Exploiting Dispersive Power Gain and Delay Spread for Sybil Detection in Industrial WSNs: A Multi-Kernel Approach

Industrial wireless sensor networks (IWSNs) promote innovations in the industry such as structural status mapping, instrument fault diagnosing, and oriented automation system associating. However, due to the shared nature of the wireless propagation environment, the emerging sensor nodes (SNs) with wireless properties are vulnerable to external malicious attacks. The security threats, especially Sybil attacks, impose great difficulties in fulfilling quality requirements of industrial applications. What is more complicated is that the harsh industrial environment brings about new challenges which can degrade the accuracy of detecting Sybil threats. In this paper, we focus on how to detect the malicious packets transmitted from Sybil attackers without adding extra authentication over-head into the transmission frame. We develop a multi-Kernel-based expectation maximization (MKEM) scheme to detect Sybil attacks in IWSNs.
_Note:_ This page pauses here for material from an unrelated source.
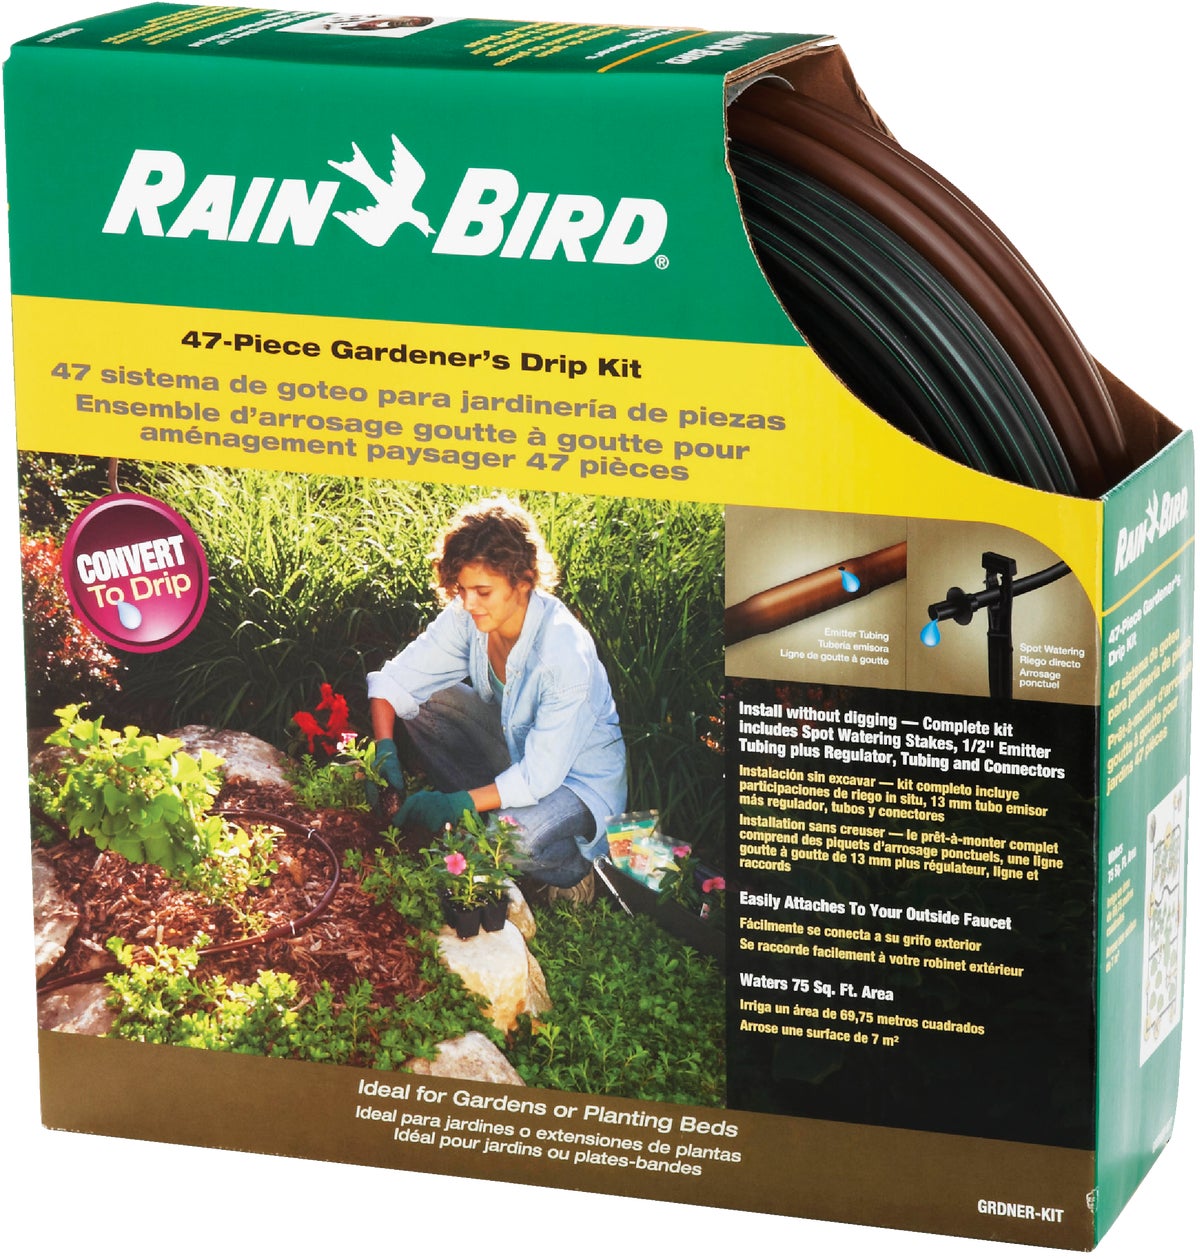 Rain Bird Gardener's Drip Kit GRDNER-KIT Irrigate Drip System 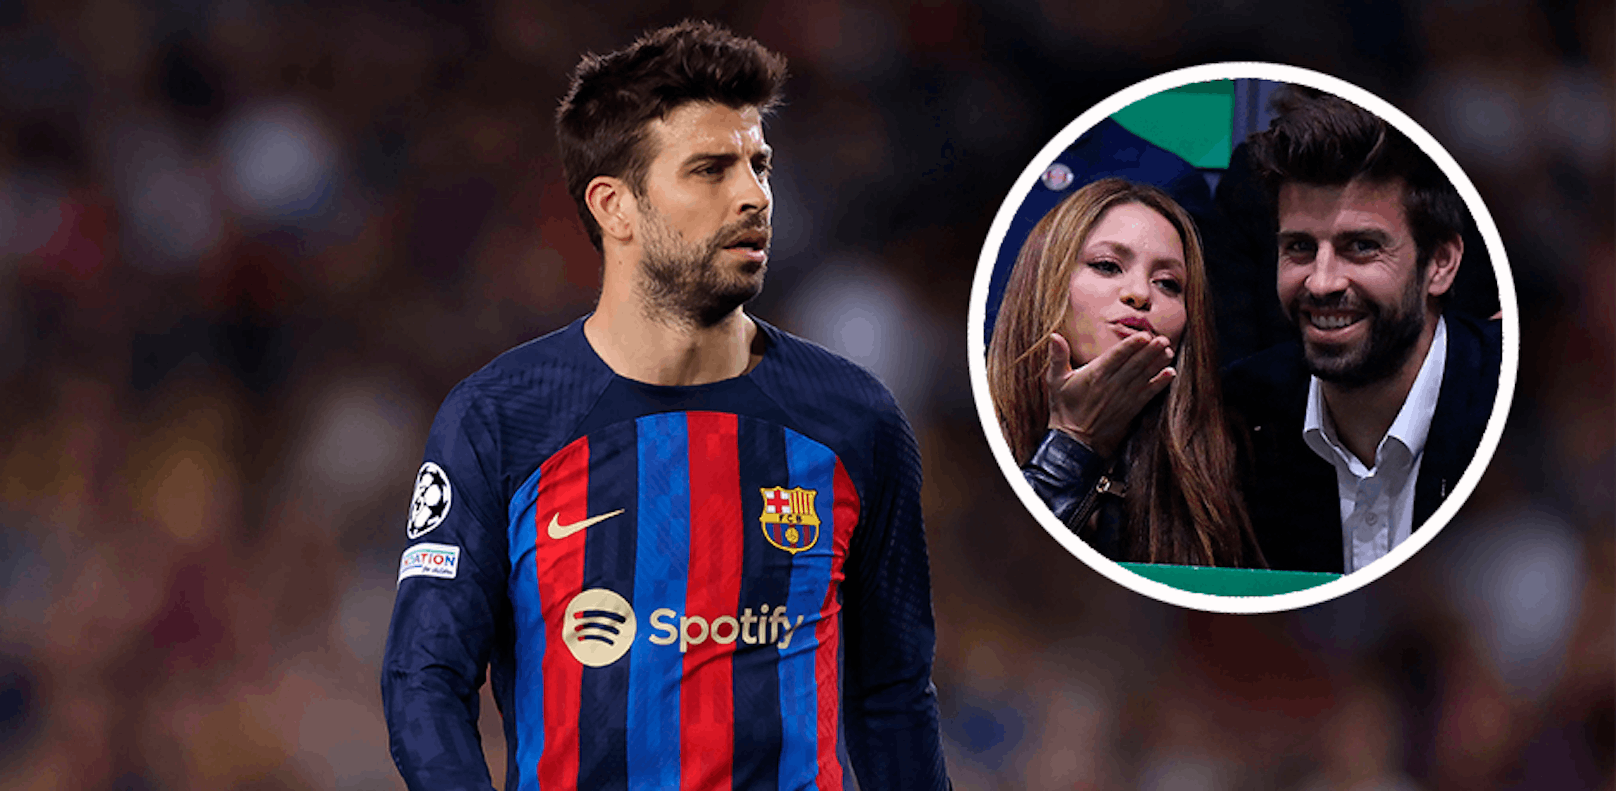 Streamingdienst Spotify könnte einen Deal mit Shakira abschließen.

Instead of directly investigating the radio resource of SNs, we produce channel-vectors which are extracted from the power gain and delay spread of the channel impulse response obtained from the received packets to represent each SN. Specifically, a kernel-oriented method is designed to discriminate the malicious packets from benign ones without establishing a pre-defined database of channel features of all SNs. Meanwhile, we allocate different kernel weights to the proposed kernels and combine them to improve the discrimination ability of the scheme. Moreover, a kernel parameter optimization method is developed to regulate each kernel weight and parameter to reduce the effects of transmission impairments in IWSNs. To avoid poor detection accuracy when the number of Sybil attackers increases, we use the gap statistical analysis method to verify and EM method to summarize the detection results. The simulation results show that the proposed MKEM scheme can achieve high accuracy on detecting malicious packets transmitted from Sybil attackers from benign ones, and tolerate the effects of transmission impairments in the industrial environment. Moreover, the MKEM scheme can guarantee the detection accuracy even if the number of Sybil attackers increases.